## Data shown

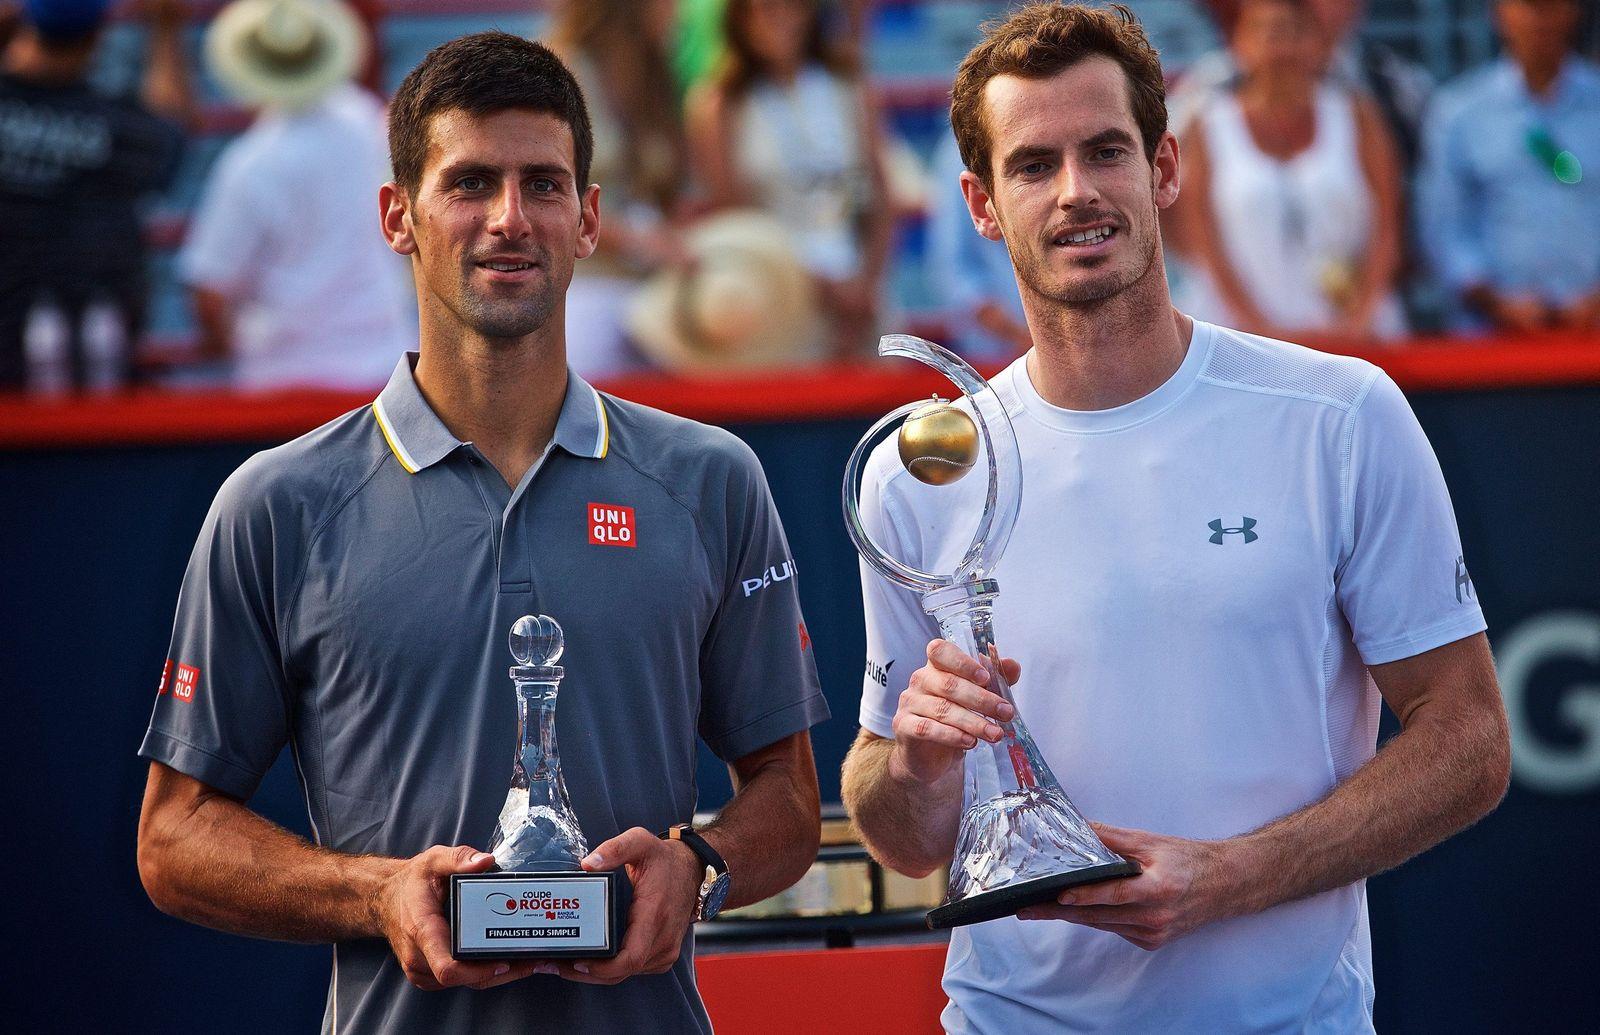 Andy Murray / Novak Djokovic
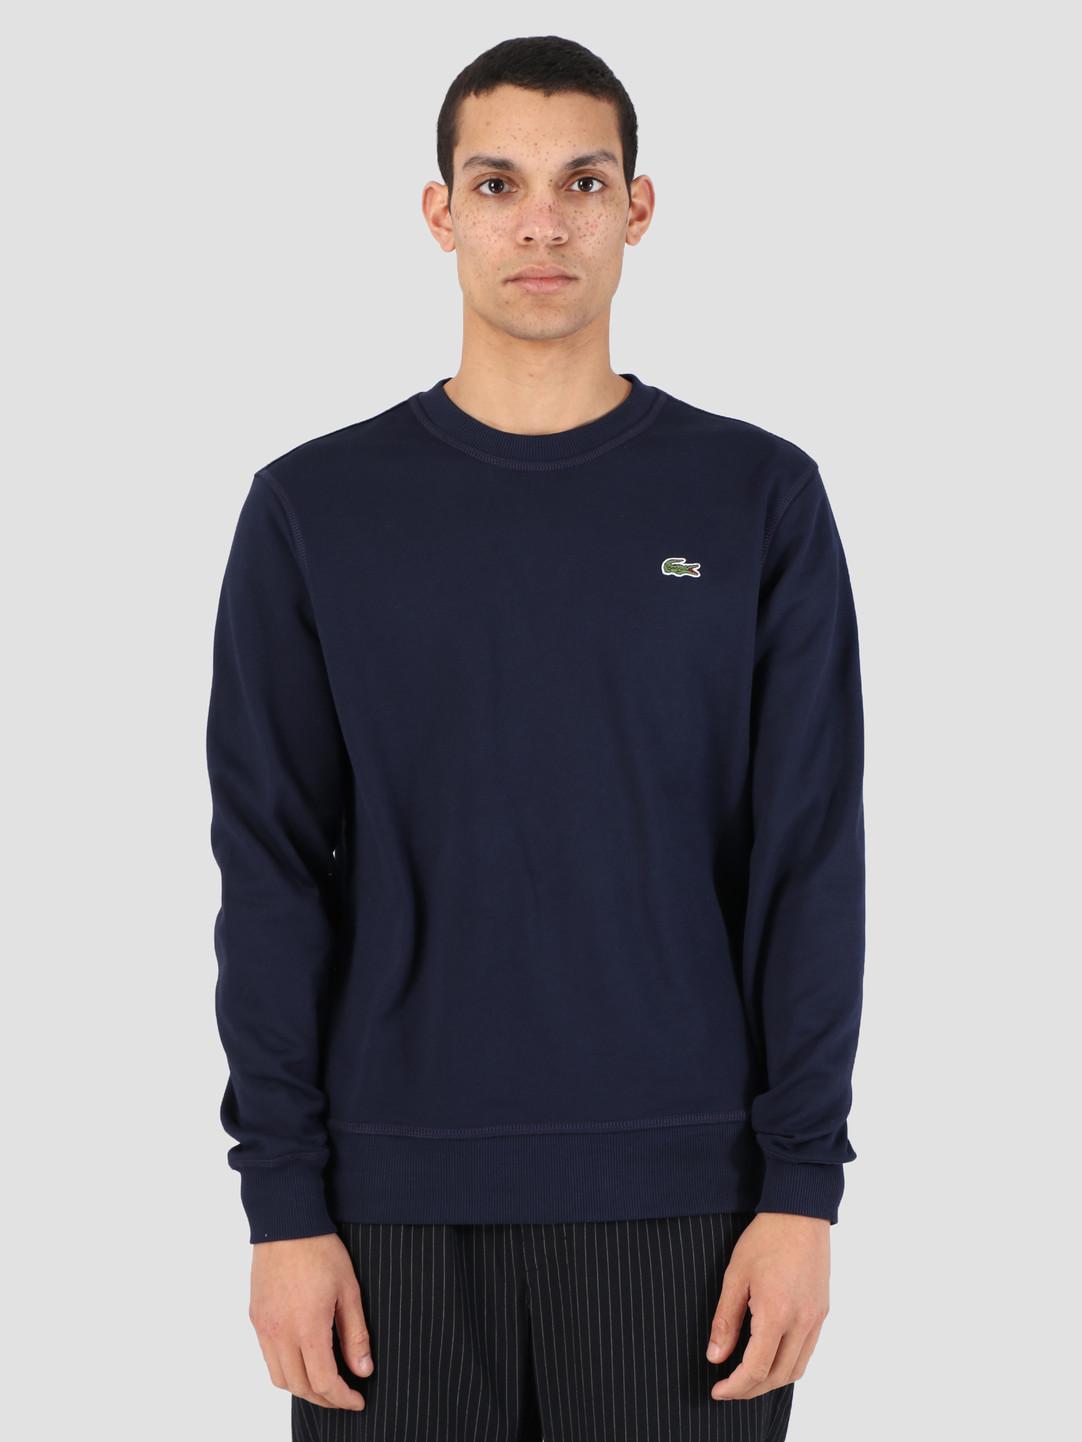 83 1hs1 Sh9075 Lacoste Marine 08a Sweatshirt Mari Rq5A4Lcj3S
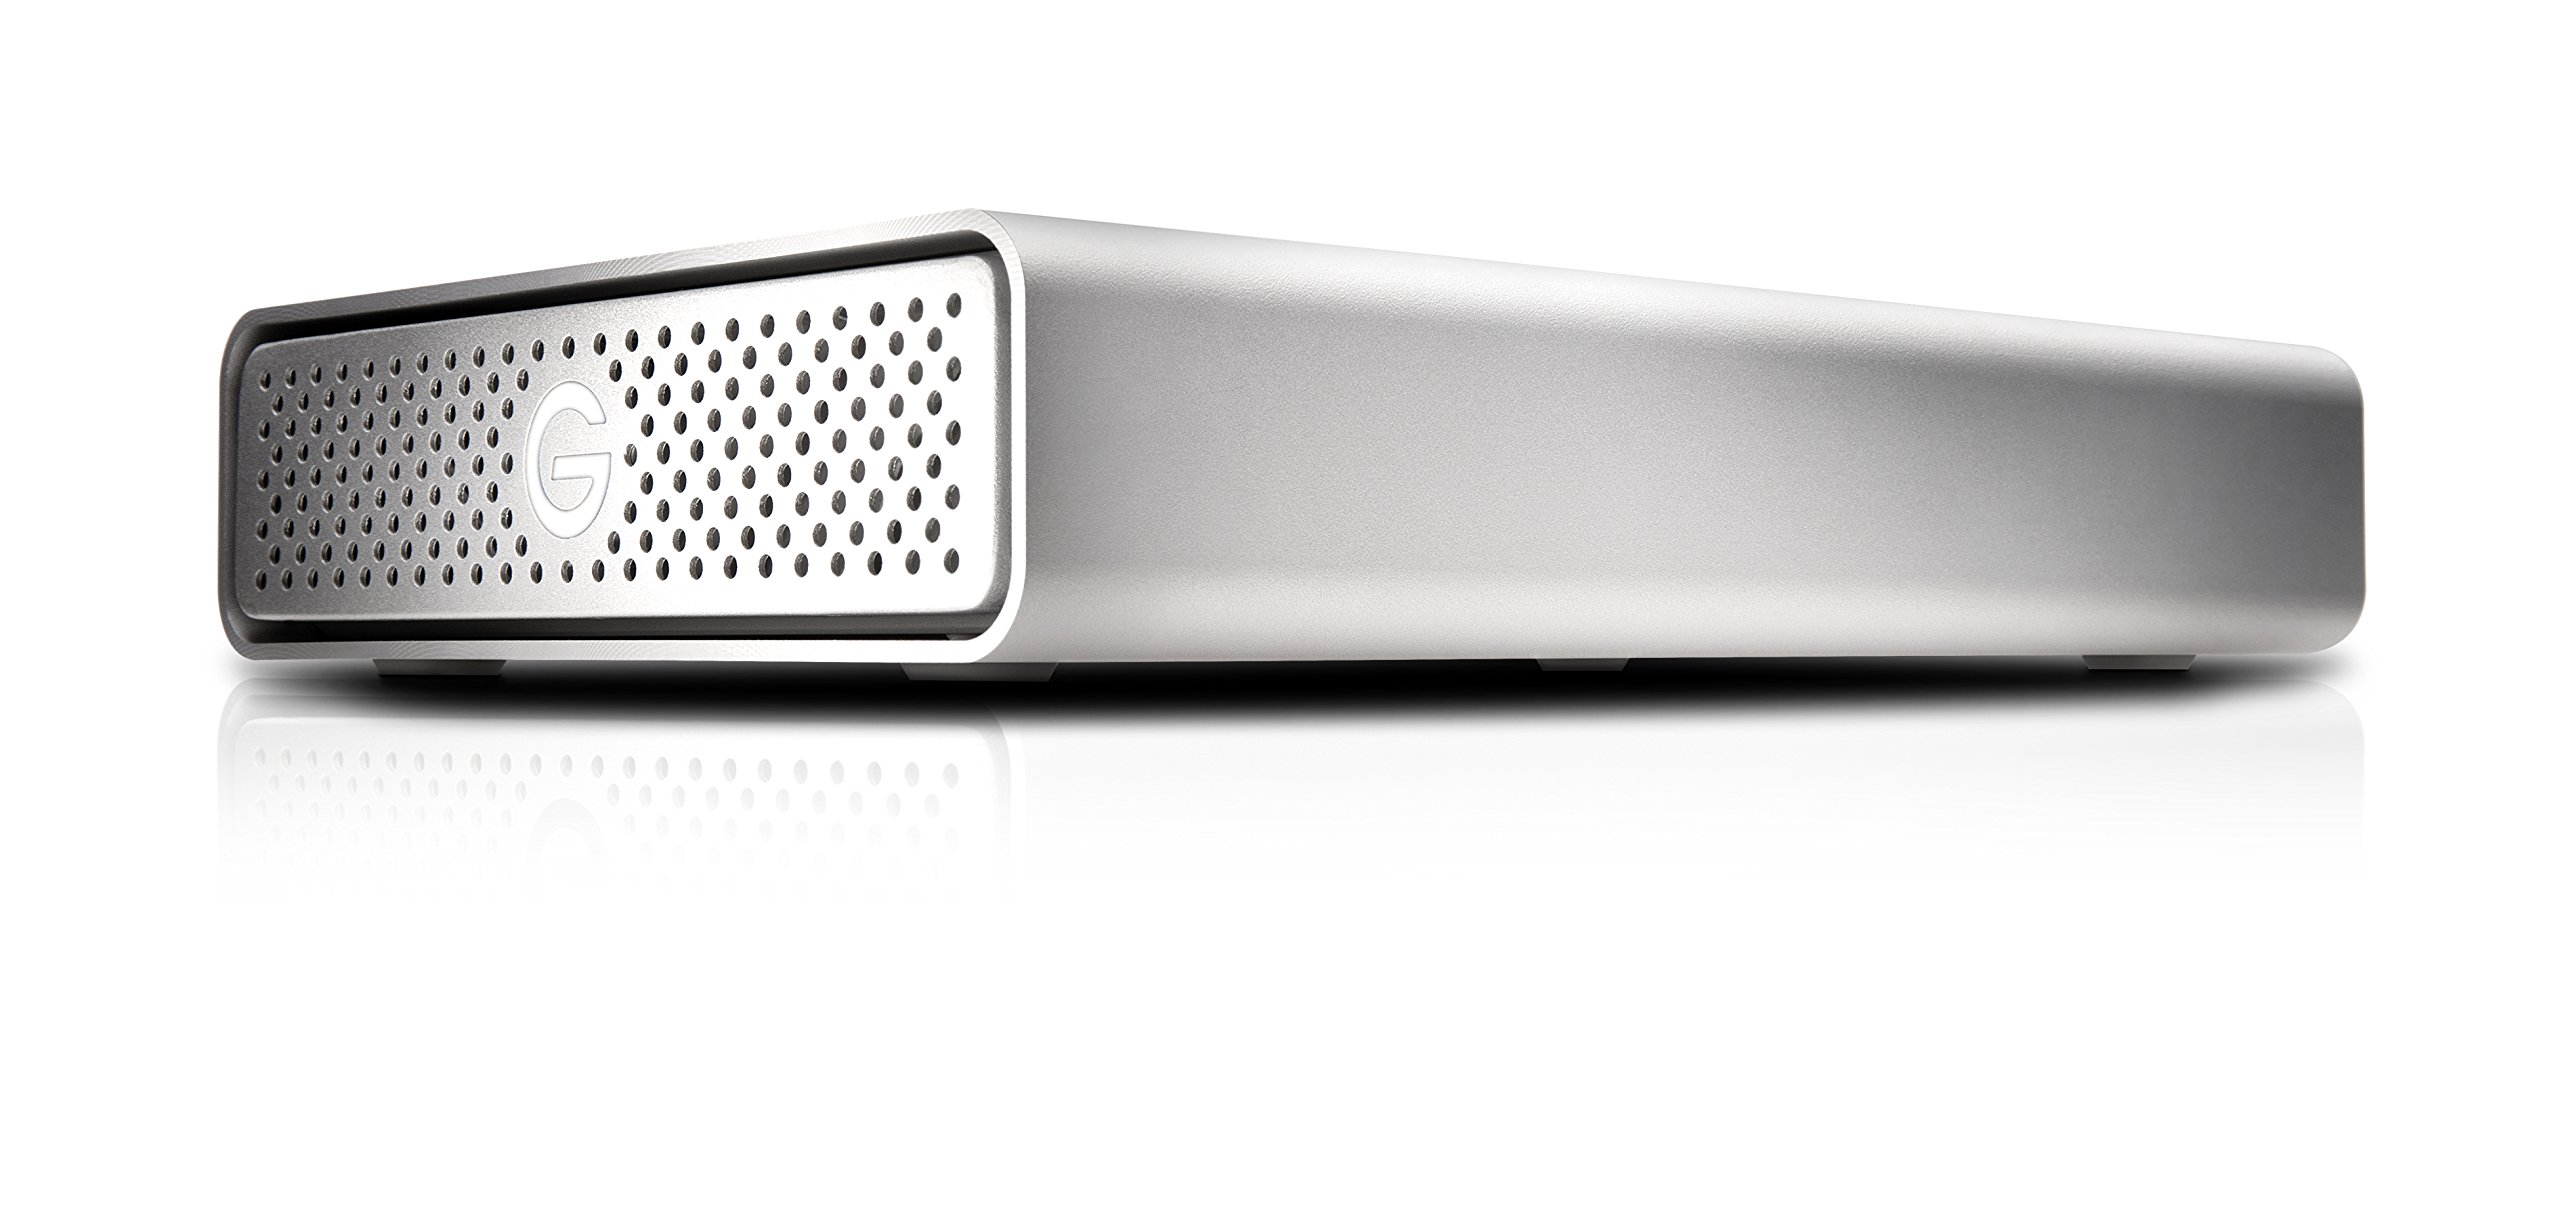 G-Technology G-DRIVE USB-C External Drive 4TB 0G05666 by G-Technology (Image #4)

## What you are asked to do
Copy out all of the material exactly as written, without its pictures.

## Result of this exercise
 Andy Murray / Novak Djokovic
 83 1hs1 Sh9075 Lacoste Marine 08a Sweatshirt Mari Rq5A4Lcj3S
 G-Technology G-DRIVE USB-C External Drive 4TB 0G05666 by G-Technology (Image #4)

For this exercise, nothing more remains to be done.